A verbatim copy is needed of the lines below from the one containing "OSLO, Norvège - 21" up to and including the one containing "既存Webサイトの移行も安心。HubSpot CMSへの移行について解説", excluding pictures.

DATA SHOWN ::
━━━━

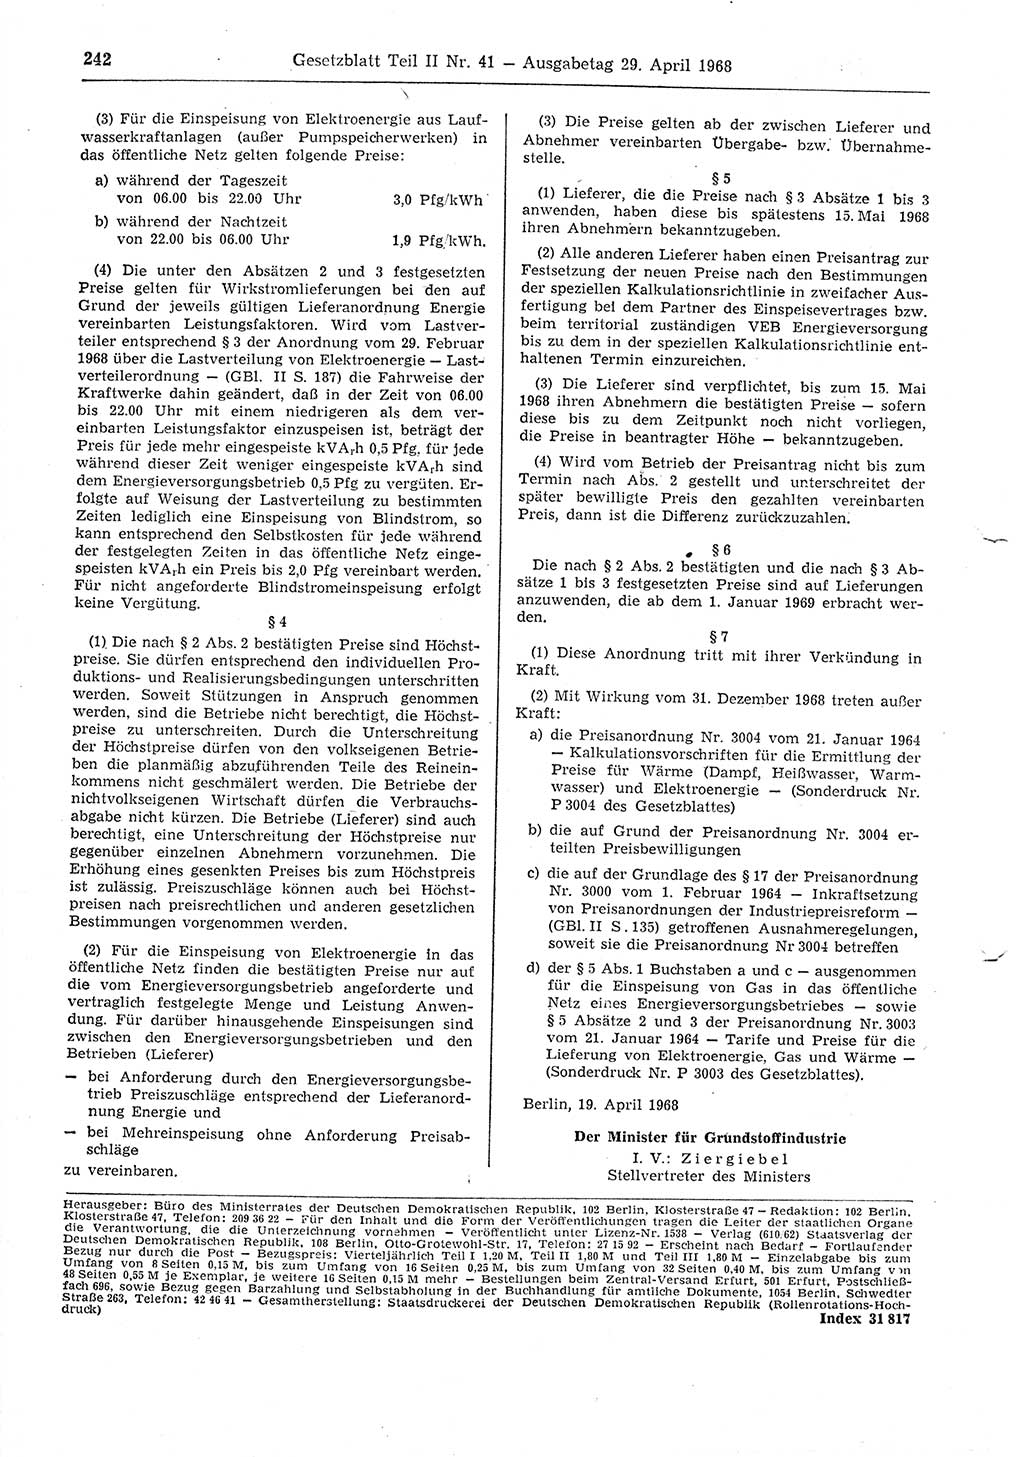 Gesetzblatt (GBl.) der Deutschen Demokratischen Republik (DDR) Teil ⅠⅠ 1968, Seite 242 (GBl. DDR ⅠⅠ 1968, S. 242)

━━━━

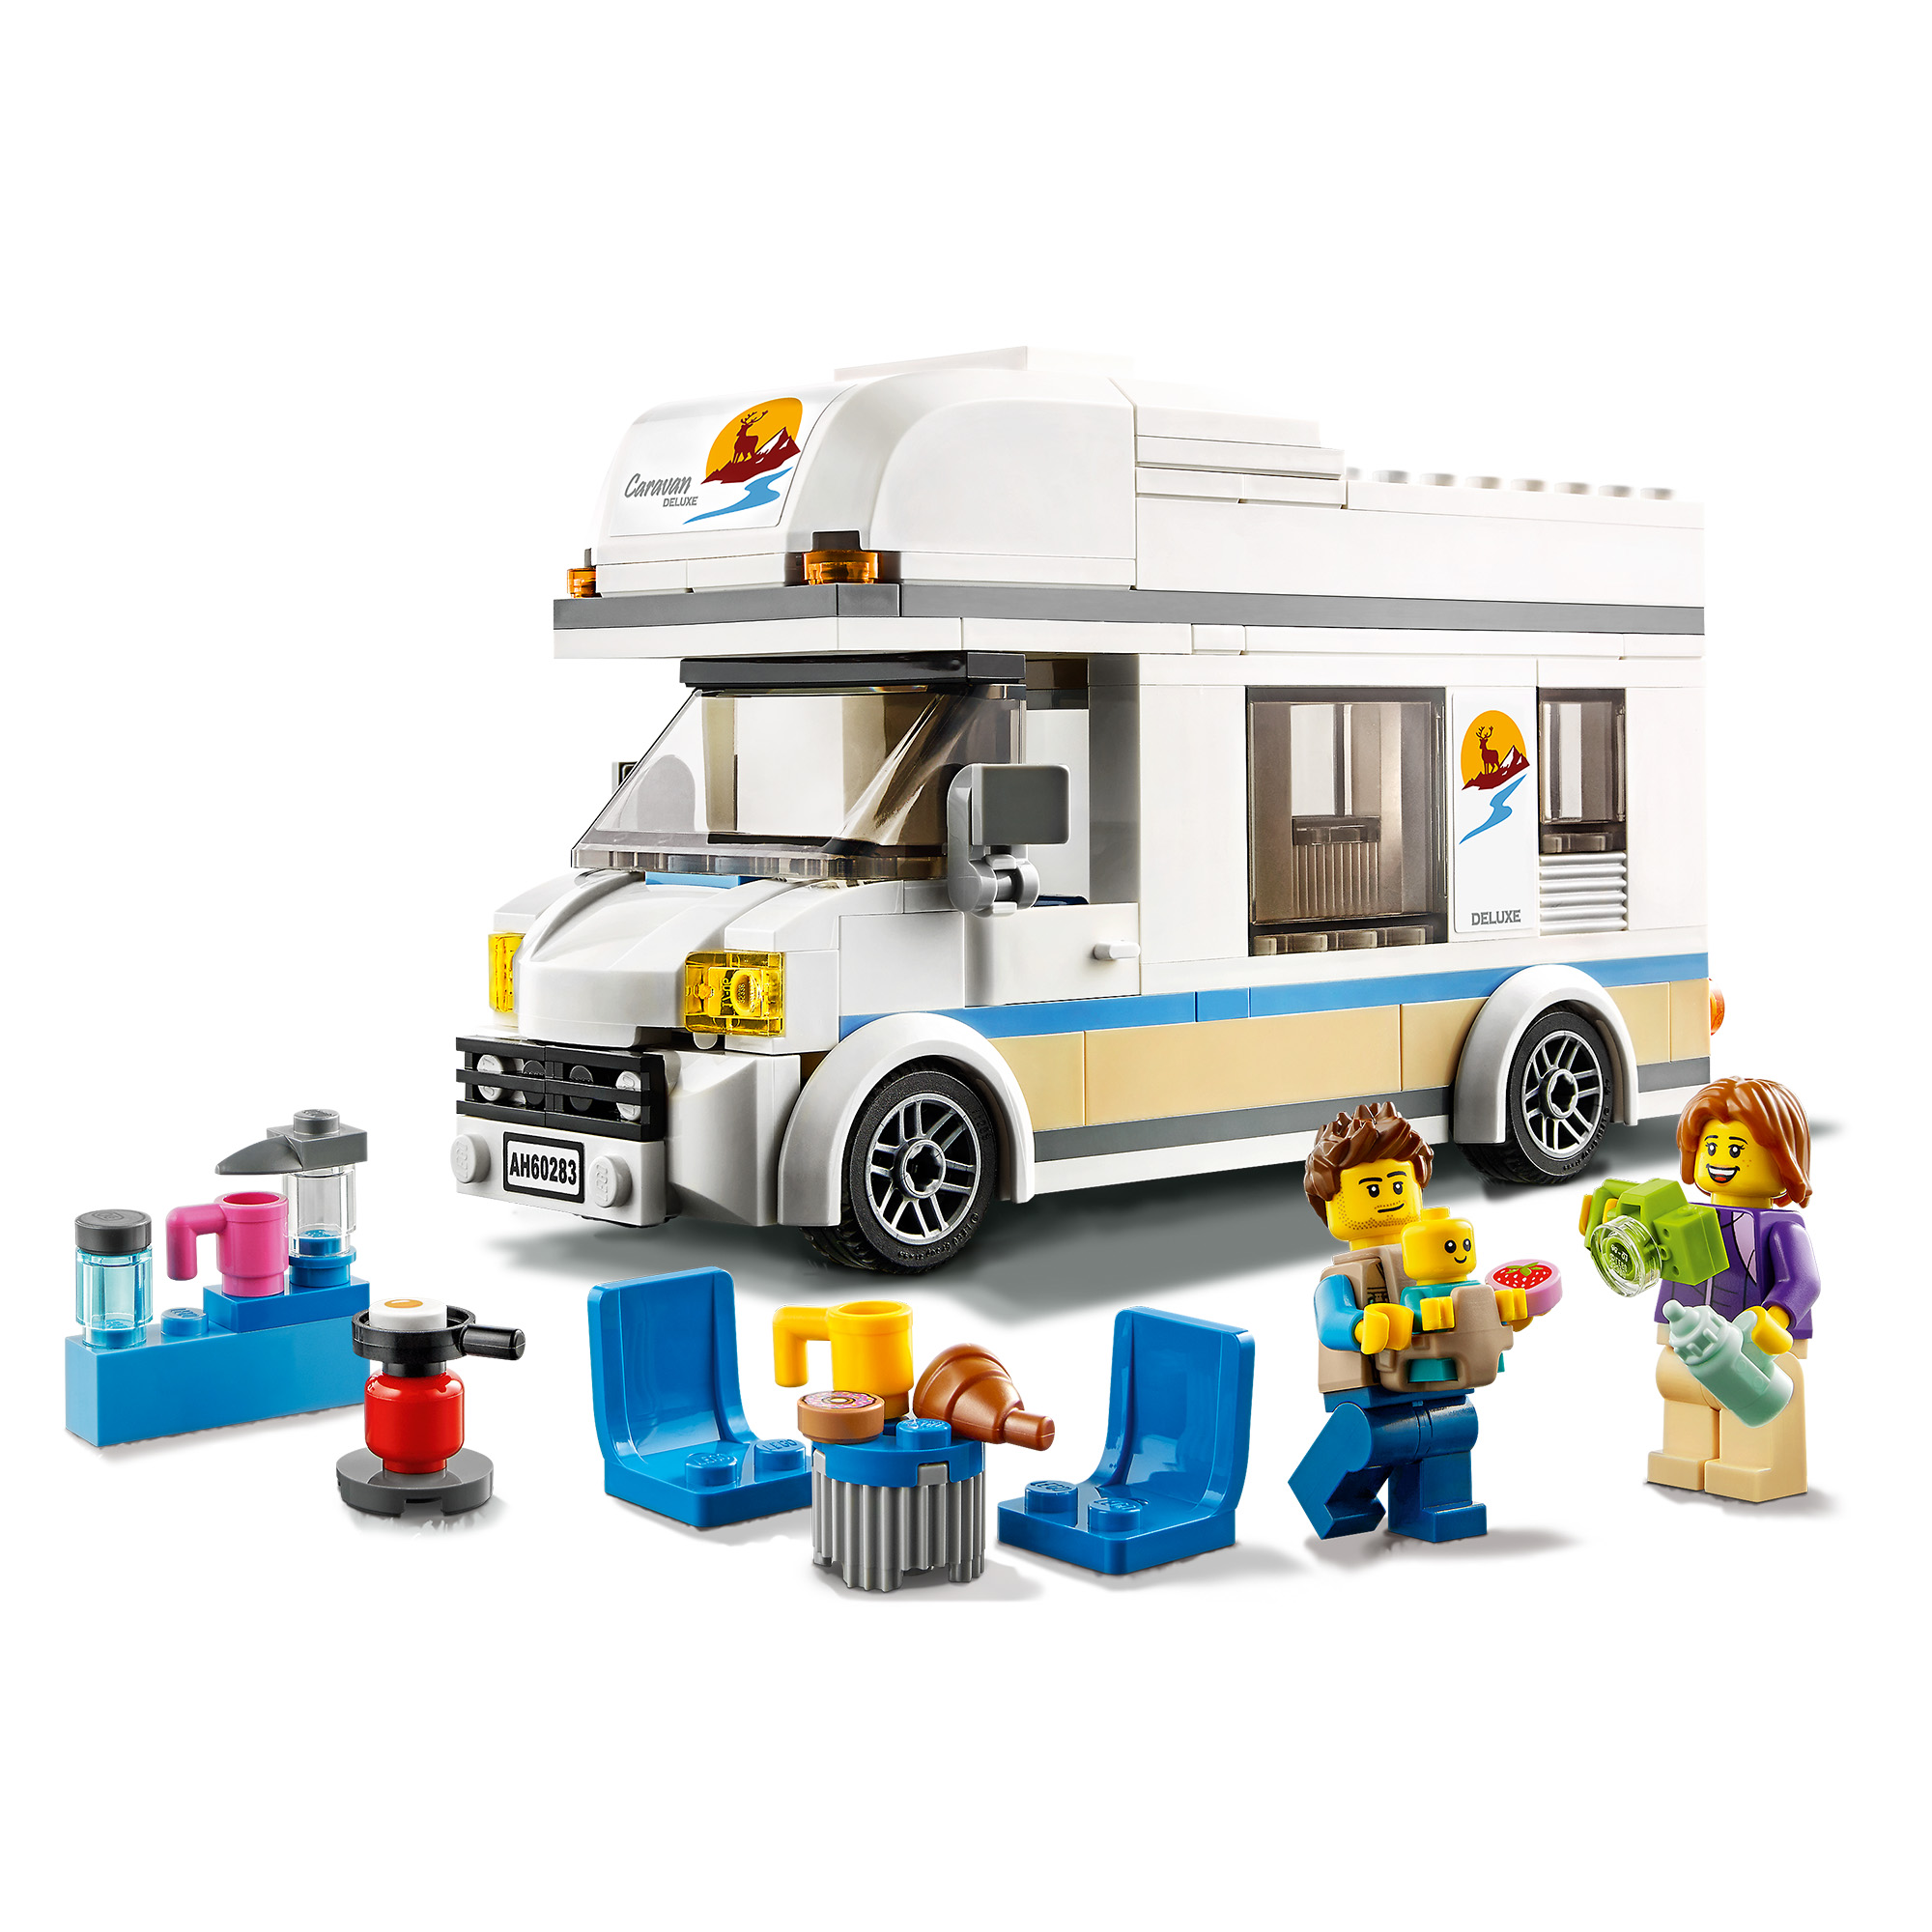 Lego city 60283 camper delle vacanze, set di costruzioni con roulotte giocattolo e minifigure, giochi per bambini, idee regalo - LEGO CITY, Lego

━━━━

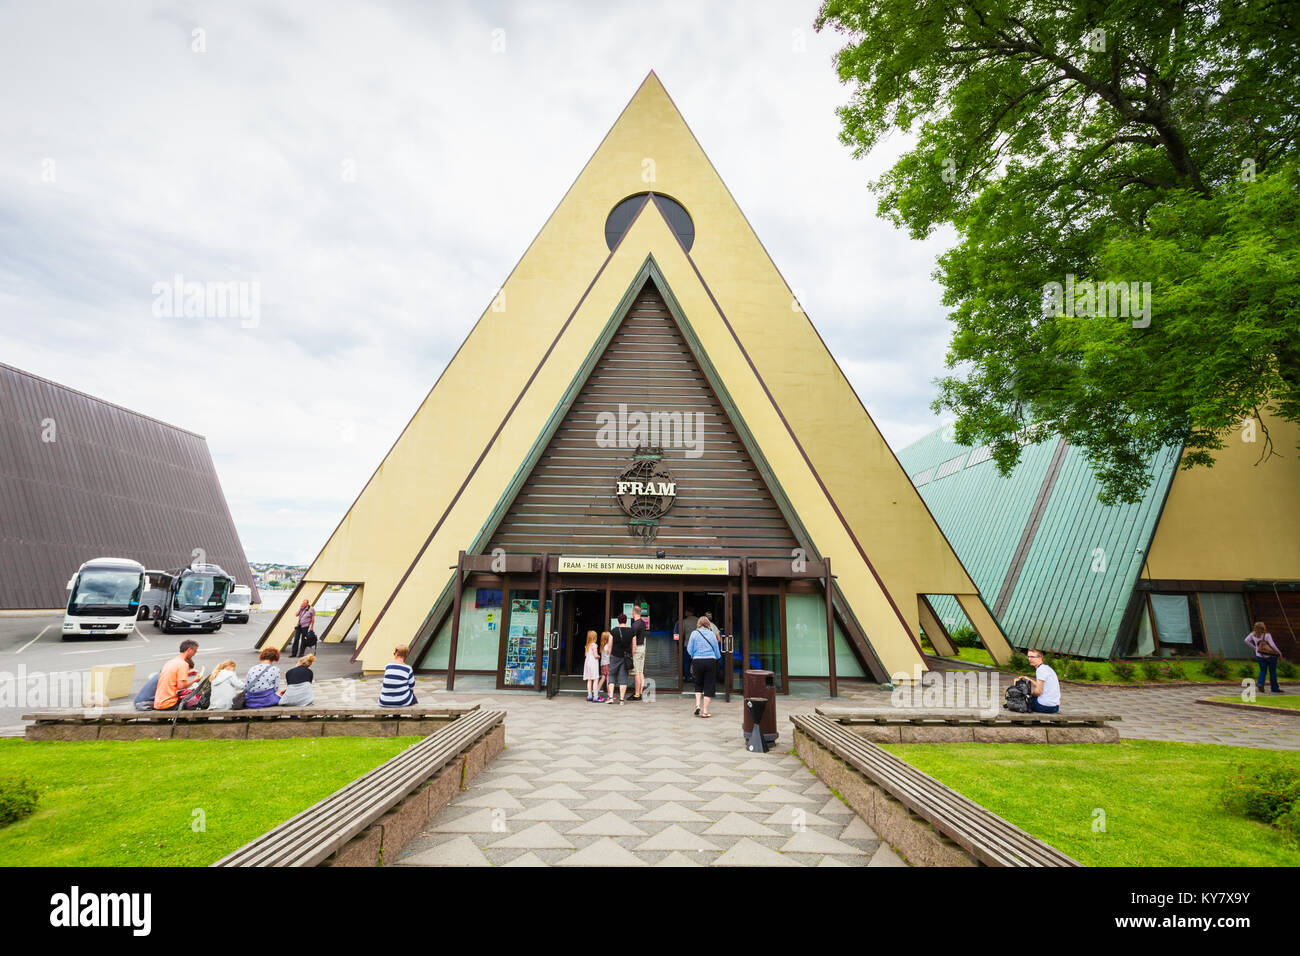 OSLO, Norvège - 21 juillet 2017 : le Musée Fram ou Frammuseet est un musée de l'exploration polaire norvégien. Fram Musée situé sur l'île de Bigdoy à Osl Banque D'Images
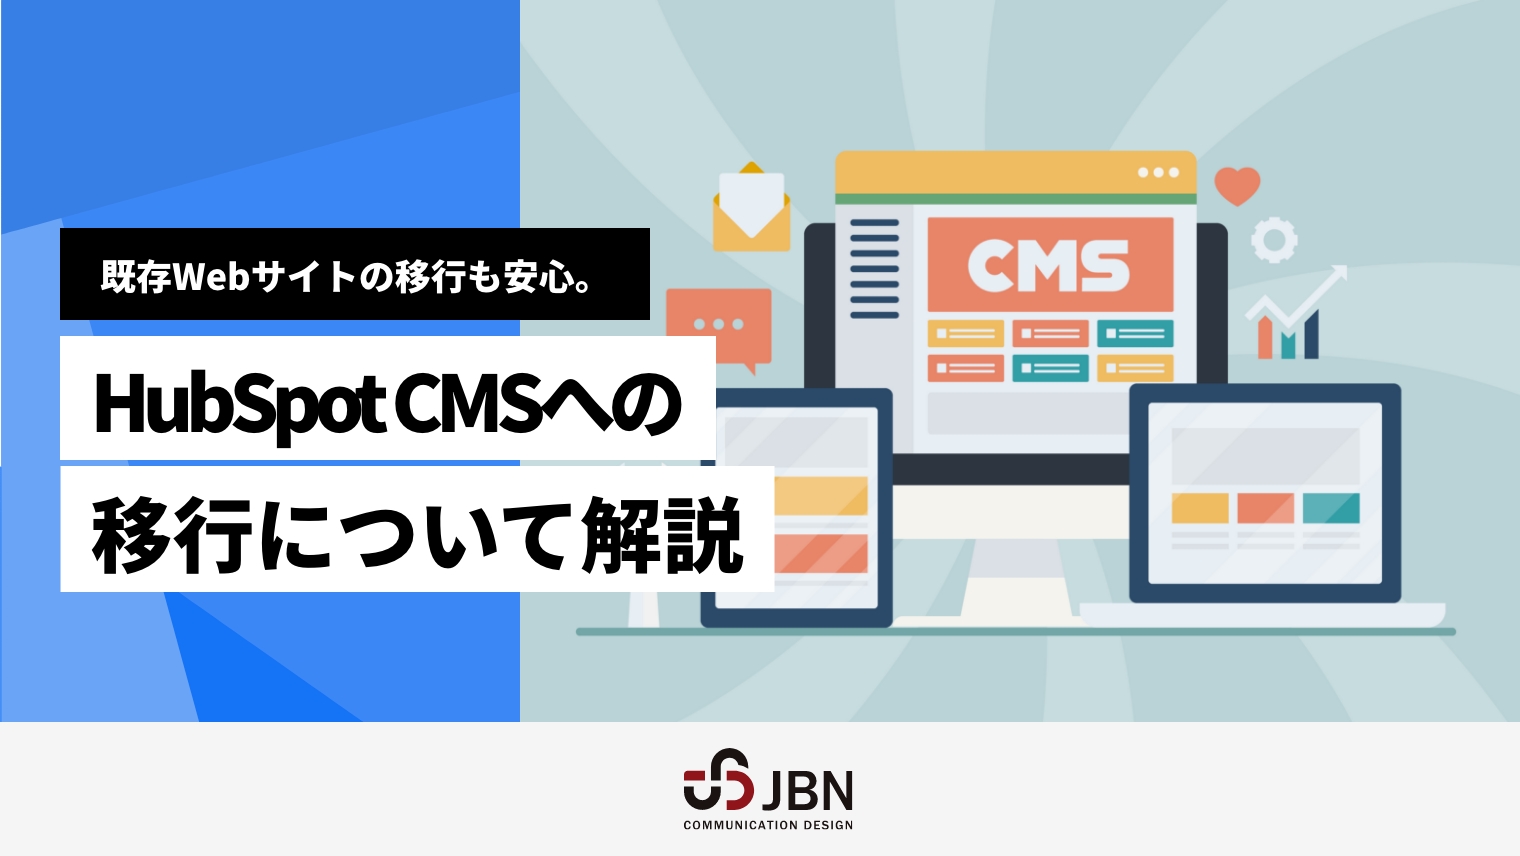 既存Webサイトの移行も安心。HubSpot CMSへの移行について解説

━━━━

OUTPUT BELOW ::
 OSLO, Norvège - 21 juillet 2017 : le Musée Fram ou Frammuseet est un musée de l'exploration polaire norvégien. Fram Musée situé sur l'île de Bigdoy à Osl Banque D'Images
 既存Webサイトの移行も安心。HubSpot CMSへの移行について解説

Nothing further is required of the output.